PHOTO COURTESY OF JIAHE WEI
Donald Trump protesters collide with police in Burlingame on Friday when he spoke at the Hyatt Regency.
Analysis: Now, nothing between Trump, and GOP title, and Clinton By David Lightman
MCCLATCHY WASHINGTON BUREAU (TNS) Once unthinkable, Donald Trump now is the Republican Party’s presumptive nominee for president. That became a certainty Tuesday as he crushed rival Ted Cruz in Indiana, drove the Texas senator out of the race, and set the course to clinch the needed delegates in the next few weeks.
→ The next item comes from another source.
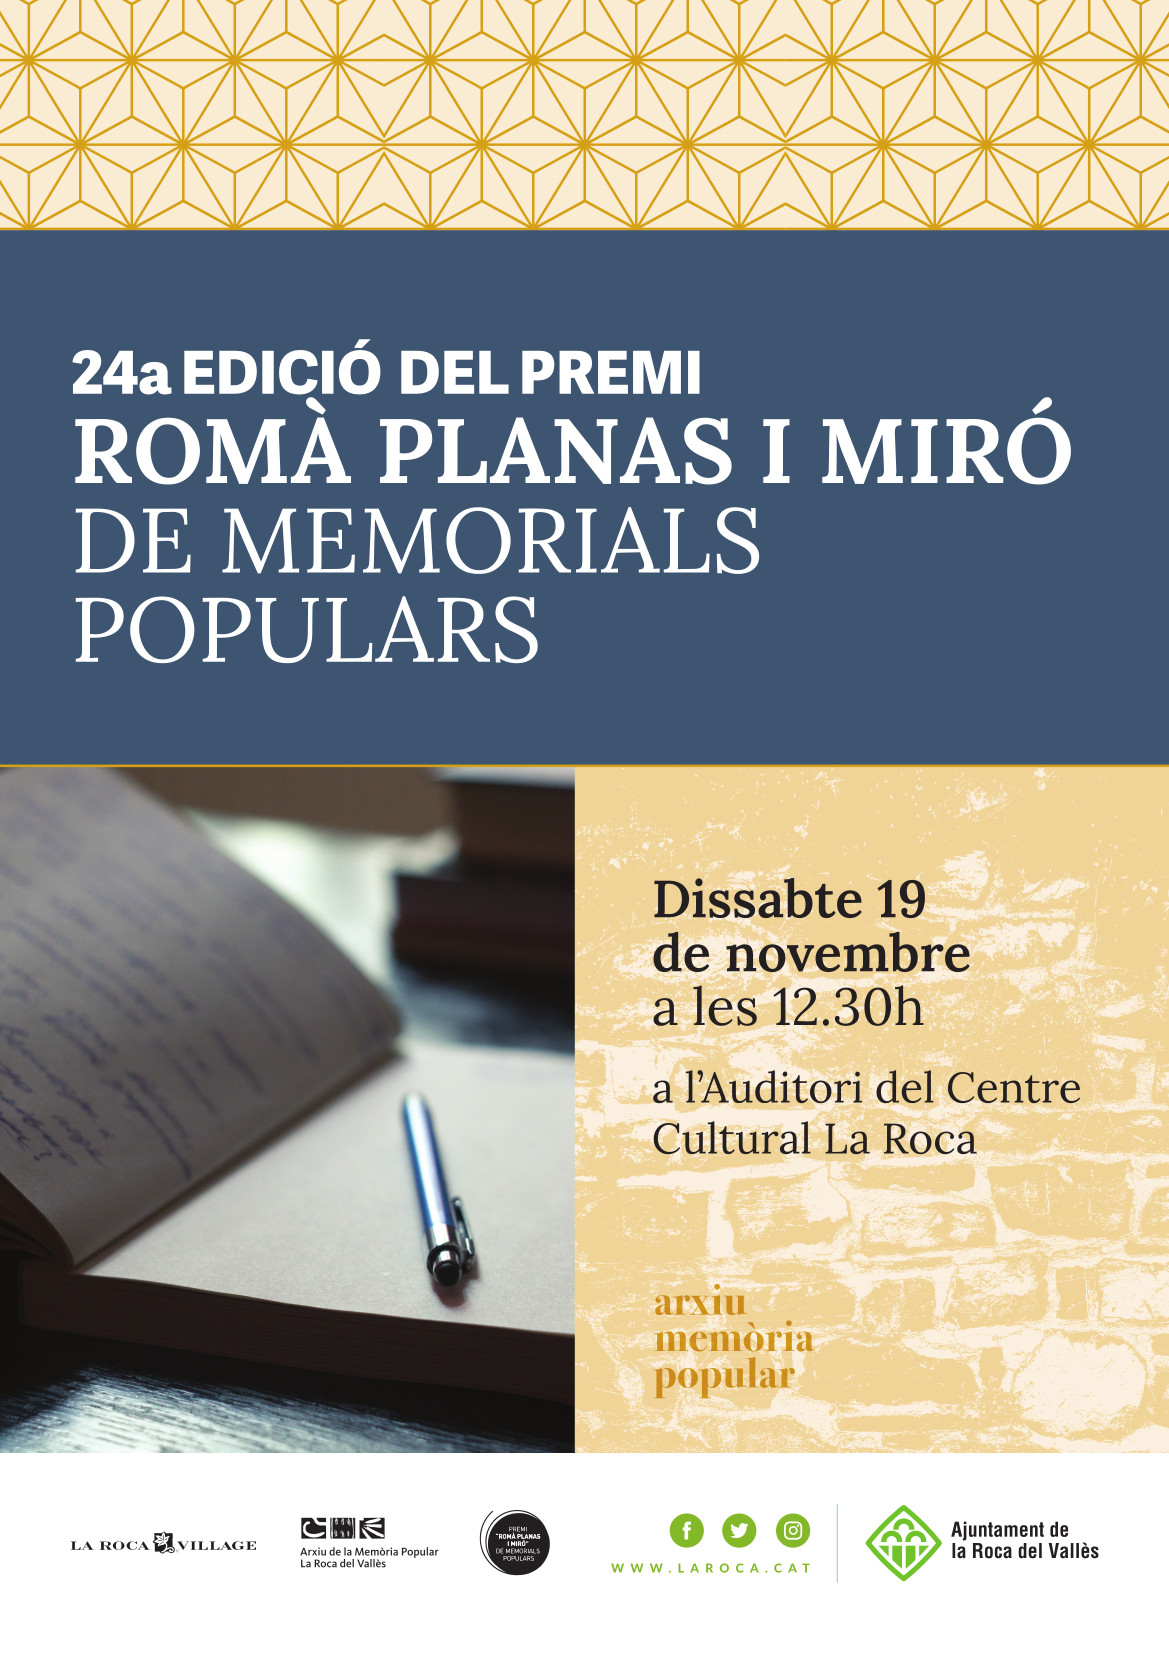 24a edició Romà Planas i Miró

The nomination of the brash man with no political experience sets the party and the nation on a collision course with all-but-certain Democratic nominee Hillary Clinton, herself an unprecedented choice of a major party. And it will be a jarring campaign, underscored anew Tuesday as Trump lashed out at his last GOP rival even en route to defeating him, accusing his father of playing some role in the assassi-
nation of JFK. Now assured of a first ballot nomination at the GOP convention in July, Trump has shattered the rules of how a prospective president should look, talk, behave and campaign _ making the general election run, likely against Clinton, unpredictable, vicious and volatile. There’s never, in modern times, been a candidate such as Trump. He’d never run for elective office. He largely funded his own effort. He spewed gaffes and lived _ and proudly boasted about _ the sort of glamorous, amorous lifestyle that for years had doomed other candidates. He unapologetically insulted and offended women, Mexican-Americans and the leaders of his own party. Democrats were almost giddy Tuesday at the prospect of running against the billionaire businessman. “Trump spreads hate,” tweeted Debbie Wasserman Schultz, Democratic Party chairwoman, “and we will defeat him in November.”